Who had said that? Father, of course, to Devrie, when she had joined the dying Catholic Church. She had been thirteen years old. Skinny, defiant, she had stood clutching a black rosary from God knows where, daring him from scared dark eyes to forbid her. Of course he had not, thinking, I suppose, that Heaven, like any other childhood fever, was best left alone to bum out its course.
Devrie had been received into the Church in an overdecorated chapel, wearing an overdecorated dress of white lace and carrying a candle. Three years later she had left, dressed in a magenta body suit and holding the keys to Father’s safe, which his executor had left unlocked after the funeral. The will had, of course, made me Devrie’s guardian. In the three years Devrie had been going to Mass, I had discovered that I was sterile, divorced my second husband, finished my work in entomology, accepted my first position with a museum, and entered a drastically premature menopause.
That is not a flip nor random list.
After the funeral, I sat in the dark in my father’s study, in his maroon leather chair and at his teak desk. Both felt oversize. All the lights were off. Outside it rained; I heard the steady beat of water on the window, and the wind. The dark room was cold. In my palm I held one of my father’s research awards, a small abstract sculpture of a double helix, done by Harold Landau himself. It was very heavy. I couldn’t think what Landau had used, to make it so heavy. I couldn’t think, with all the noise from the rain. My father was dead, and I would never bear a child.
Devrie came into the room, leaving the lights off but bringing with her an incandescent rectangle from the doorway. At sixteen she was lovely, with long brown hair in the masses of curls again newly fashionable. She sat on a low stool beside me, all that hair falling around her, her face white in the gloom. She had been crying.
“He’s gone. He’s really gone. I don’t believe it yet.”
“No.”
She peered at me. Something in my face, or my voice, must have alerted her; when she spoke again it was in that voice people use when they think your grief is understandably greater than theirs. A smooth dark voice, like a wave.

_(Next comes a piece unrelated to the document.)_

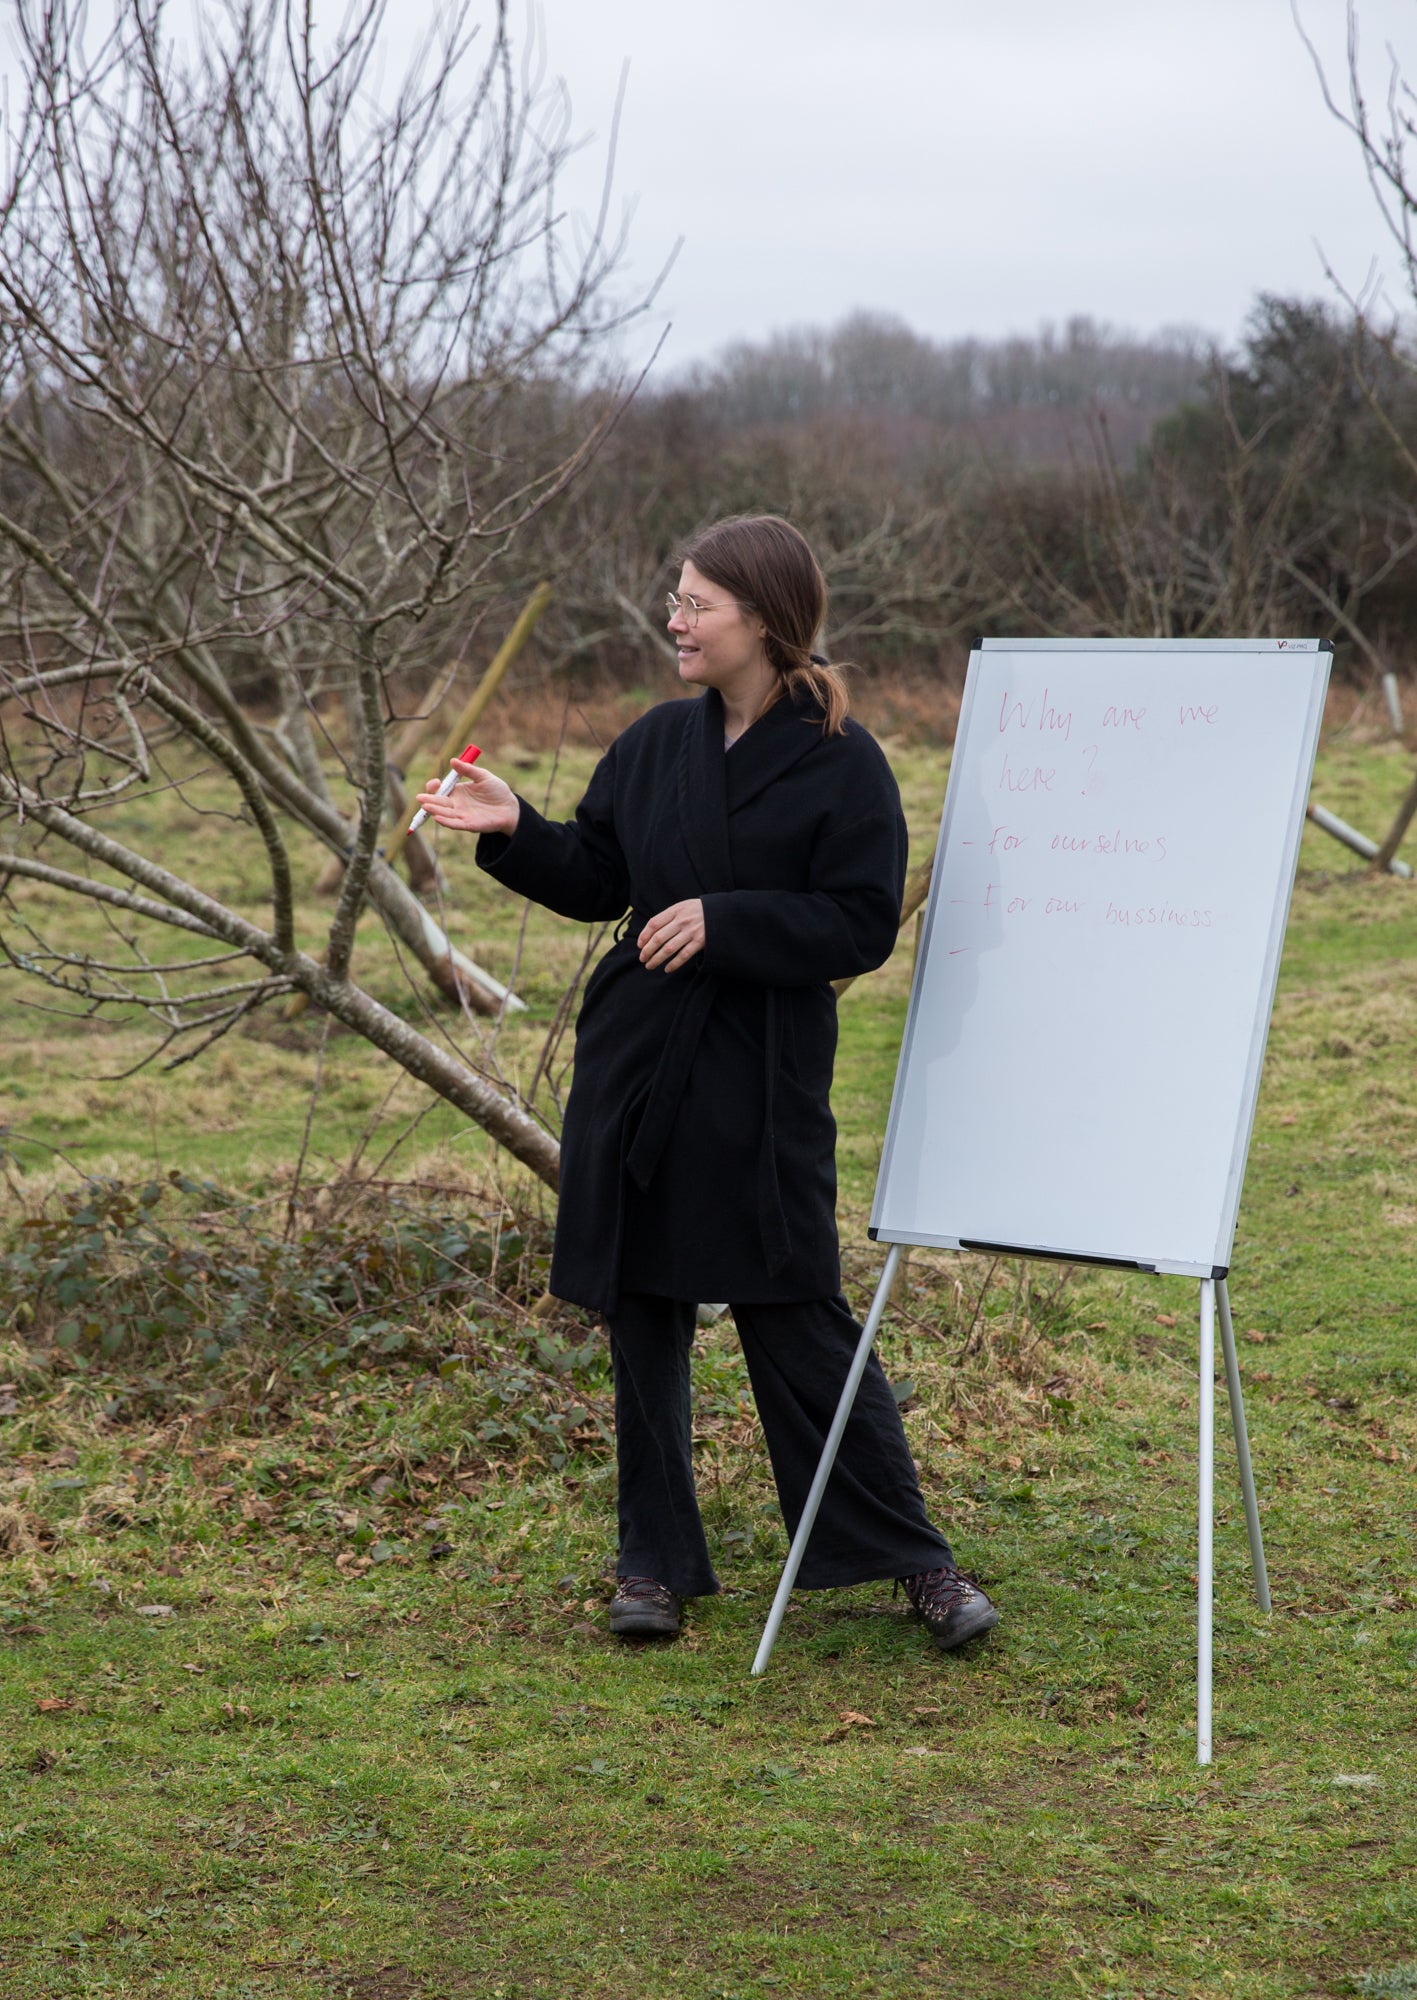 Wine Educator, Debbie Warner teaching in an Orchard

“You still have me, Seena. We still have each other.”
/> I said nothing.
“I’ve always thought of you more as my mother than my sister, anyway. You took the place of Mother. You’ve been a mother to at least me.”

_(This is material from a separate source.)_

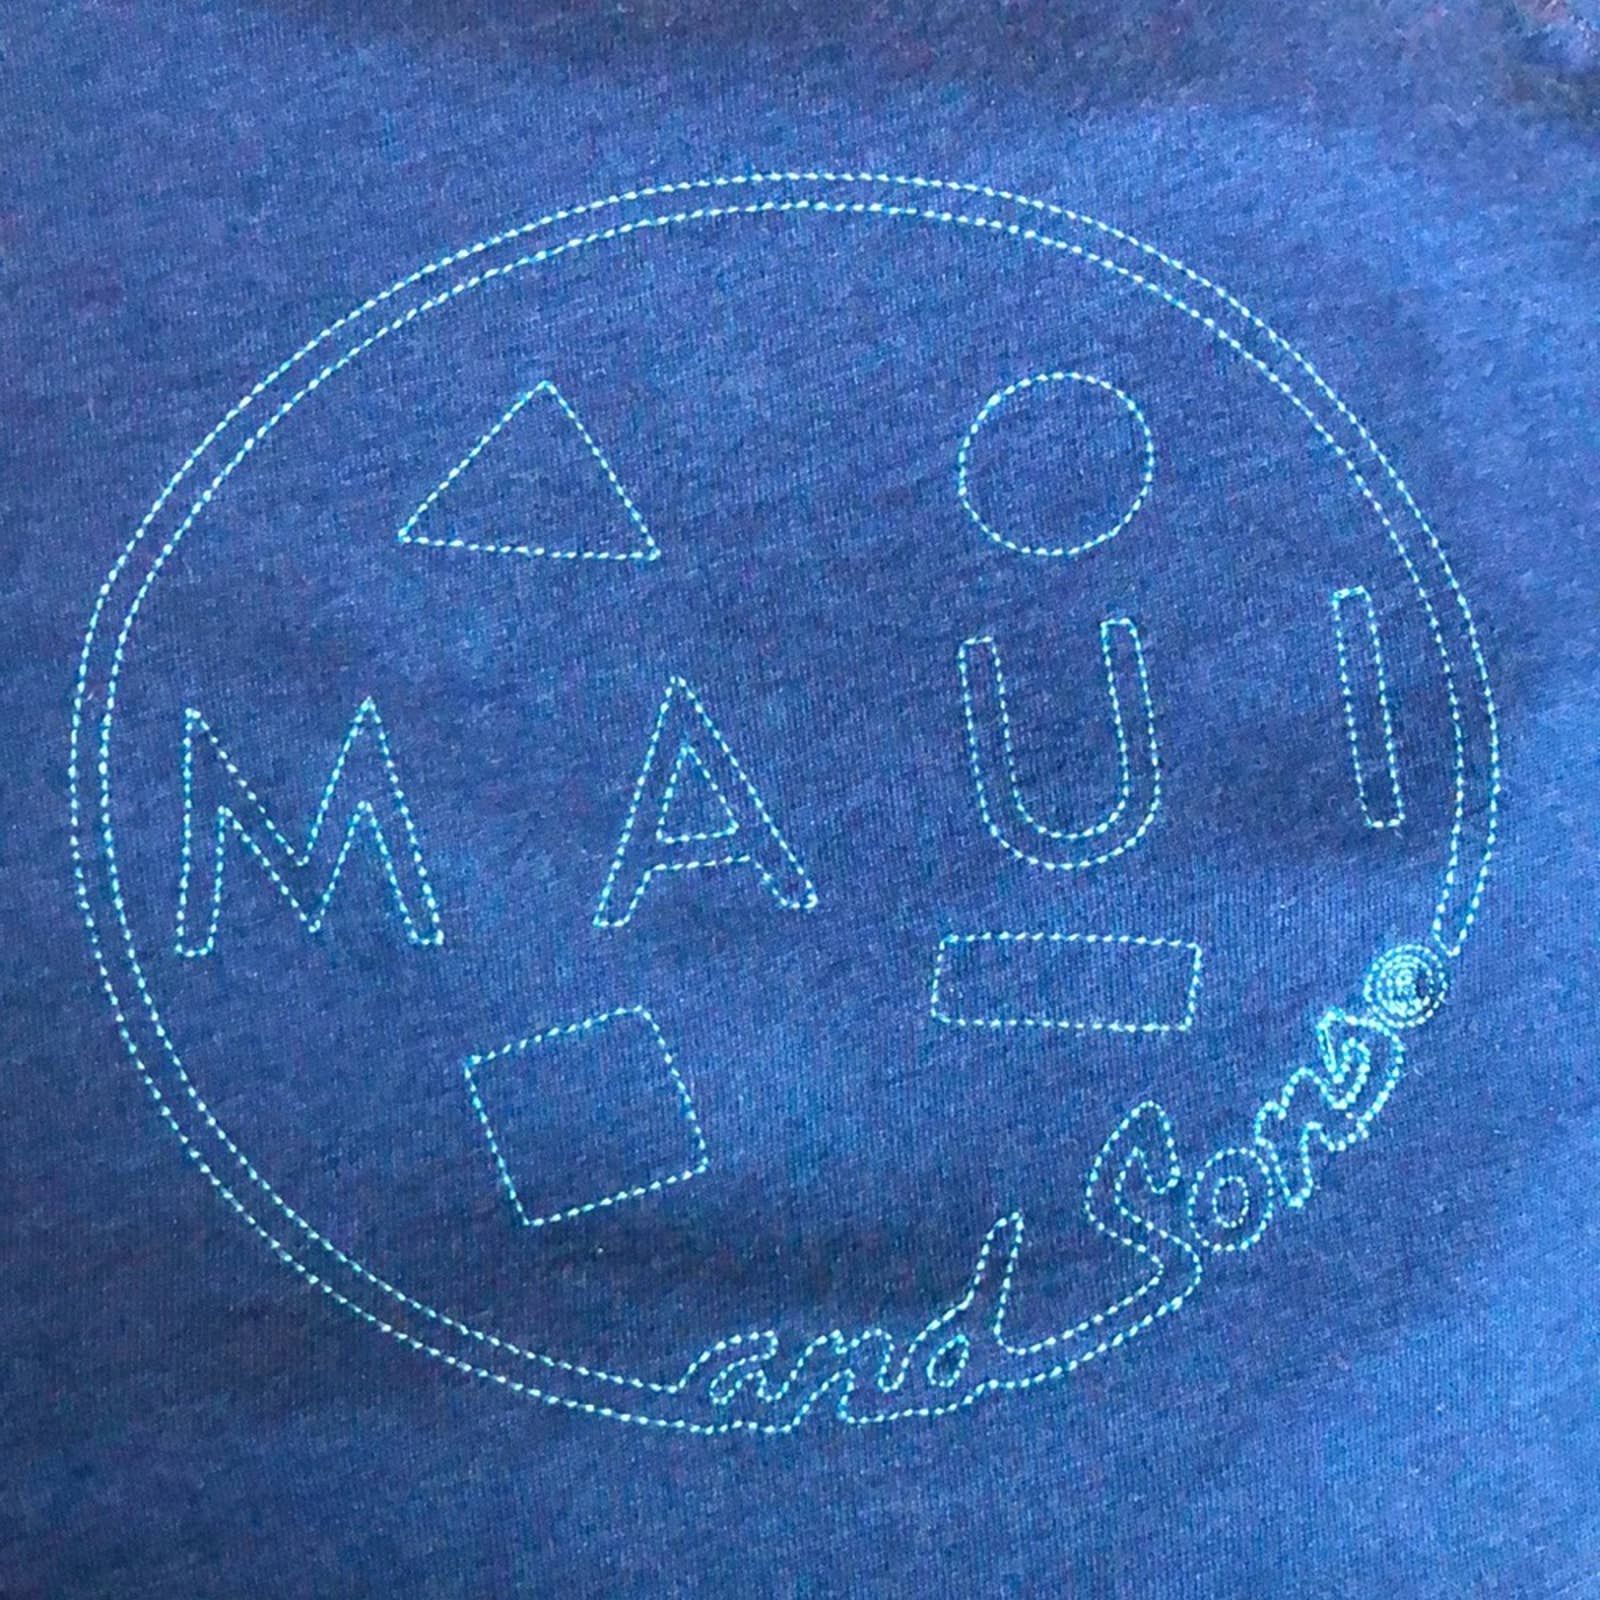 Maui And Sons Maui & Sons Navy Blue Long Sweatshirt Size Medium Size M / US 6-8 / IT 42-44 - 5 Thumbnail

She smiled and squeezed my hand. I looked at her face—so young, so pretty—and I wanted to hit her. I didn’t want to be her mother; I wanted to be her. All her choices lay ahead of her, and it seemed to me that self-indulgent night as if mine were finished. I could have struck her.
“Seena—”
“Leave me alone! Can’t you ever leave me alone? All my life you’ve been dragging behind me; why don’t you die and finally leave me alone!”
We make ourselves pay for small sins more than large ones. The more trivial the thrust, the longer we’re haunted by memory of the wound.
I believe that.
Indian Falls was out of another time: slow, quiet, safe. The Avis counter at the airport rented not personal guards but cars, and the only shiny store on Main Street sold wilderness equipment. I suspected that the small state college, like the town, traded mostly on trees and trails. That Keith Torellen was trying to take an academic degree here told me more about his adopting family than if I had hired a professional information service.

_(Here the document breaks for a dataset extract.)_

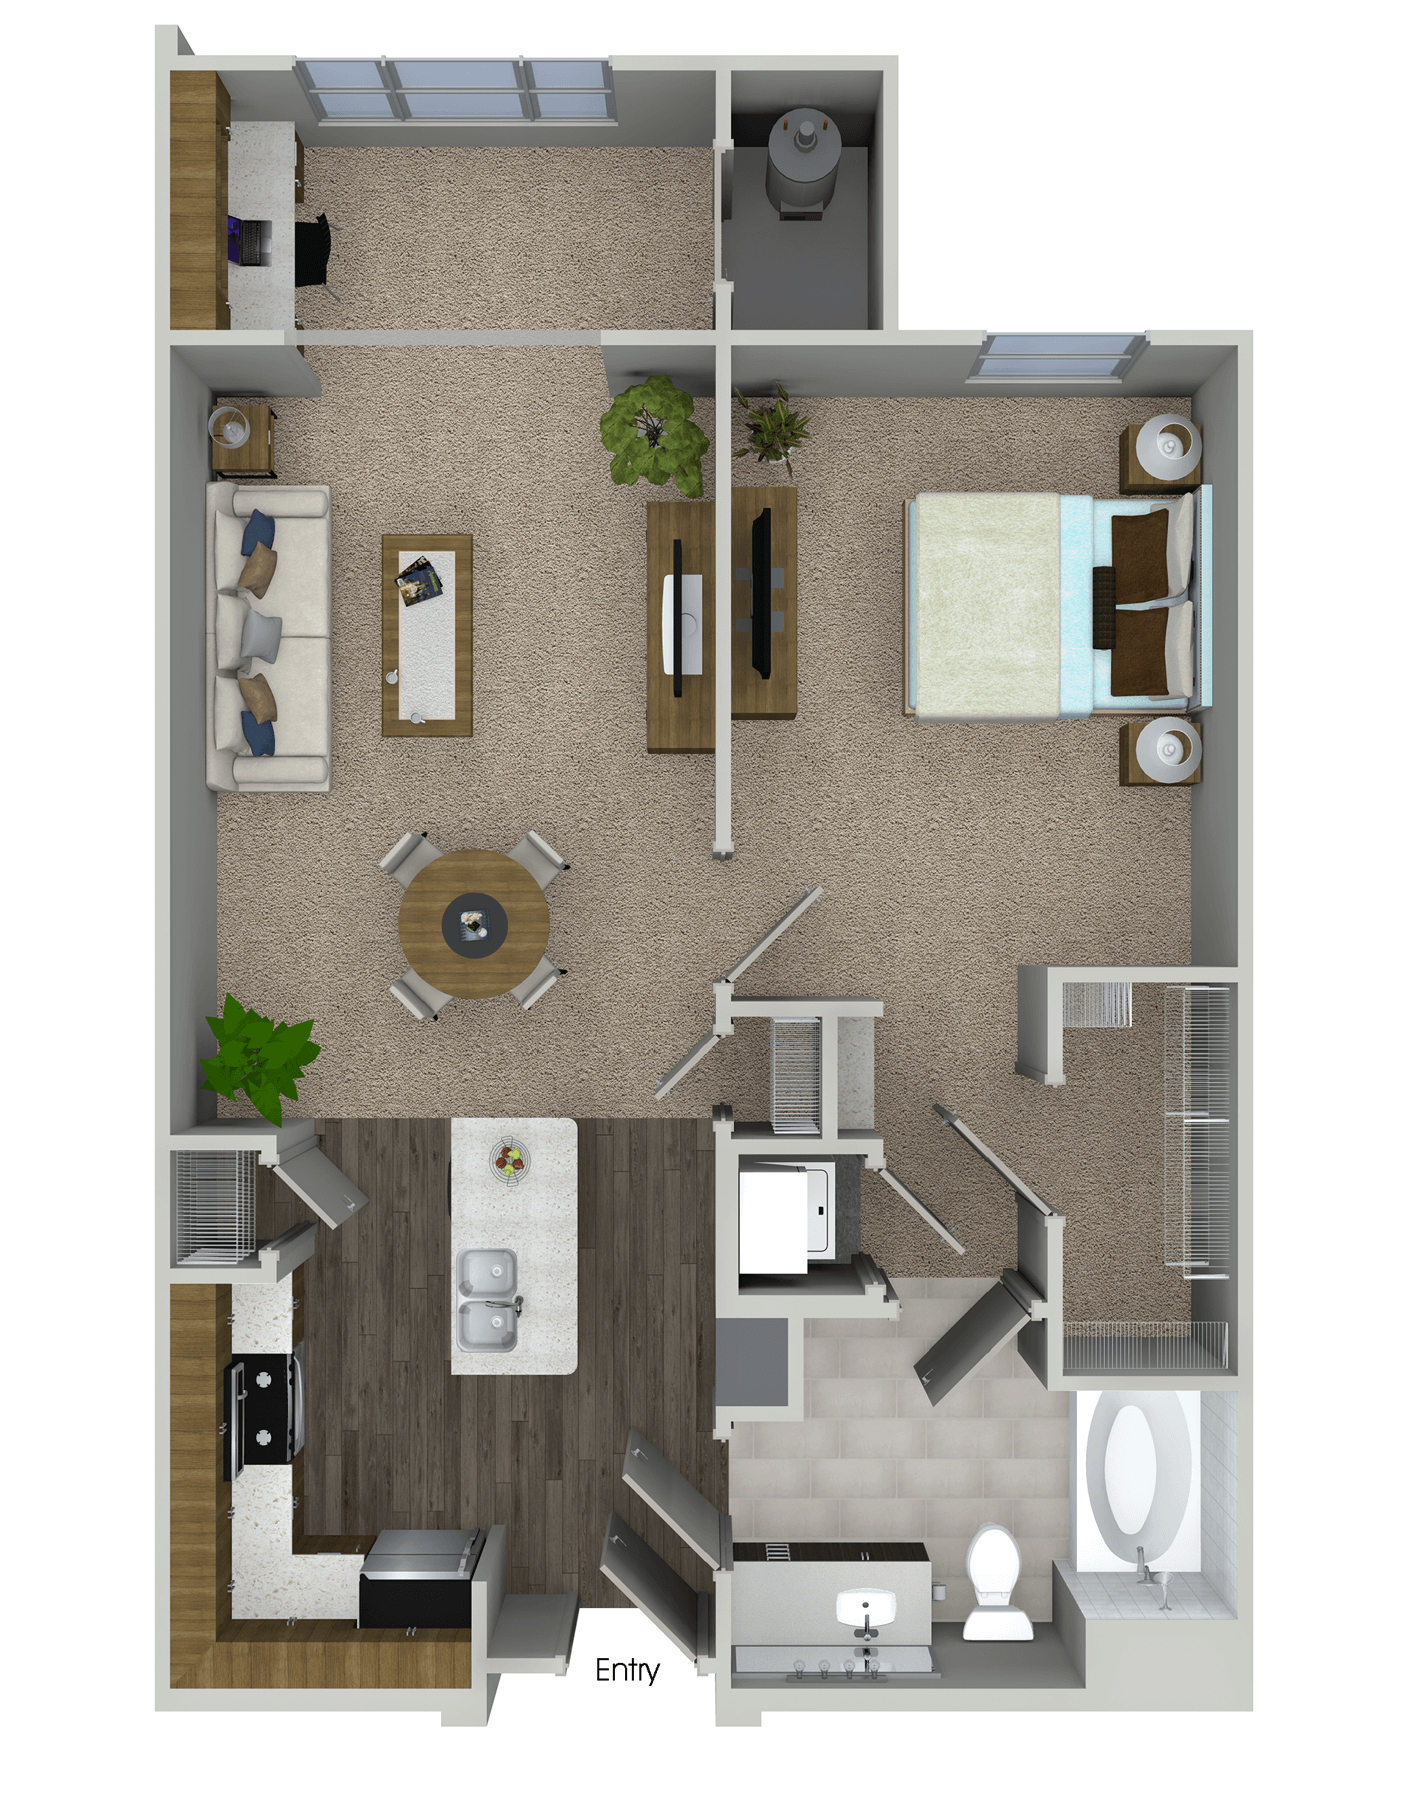 Floorplan for Apartment #2310, 1 bedroom unit at Halstead Marlborough

The house where he lived was shabby, paint peeling and steps none too sturdy. I climbed them slowly, thinking once again what I wanted to find out.
Devrie would answer none of my messages on the mailnet. Nor would she accept my phone calls. She was shutting me out, in retaliation for my refusing to fetch Torellen for her. But Devrie would discover that she could not shut me out as easily as that; we were sisters. I wanted to know if she had contacted Torellen herself, or had sent someone from the Institute to do so.
If neither, then my visit here would be brief and anonymous; I would leave Keith Torellen to his protected ignorance and shabby town. But if he had seen Devrie, I wanted to discover if and what he had agreed to do for her. It might even be possible that he could be of use in convincing Devrie of the stupidity of what she was doing. If he could be used for that, I would use him.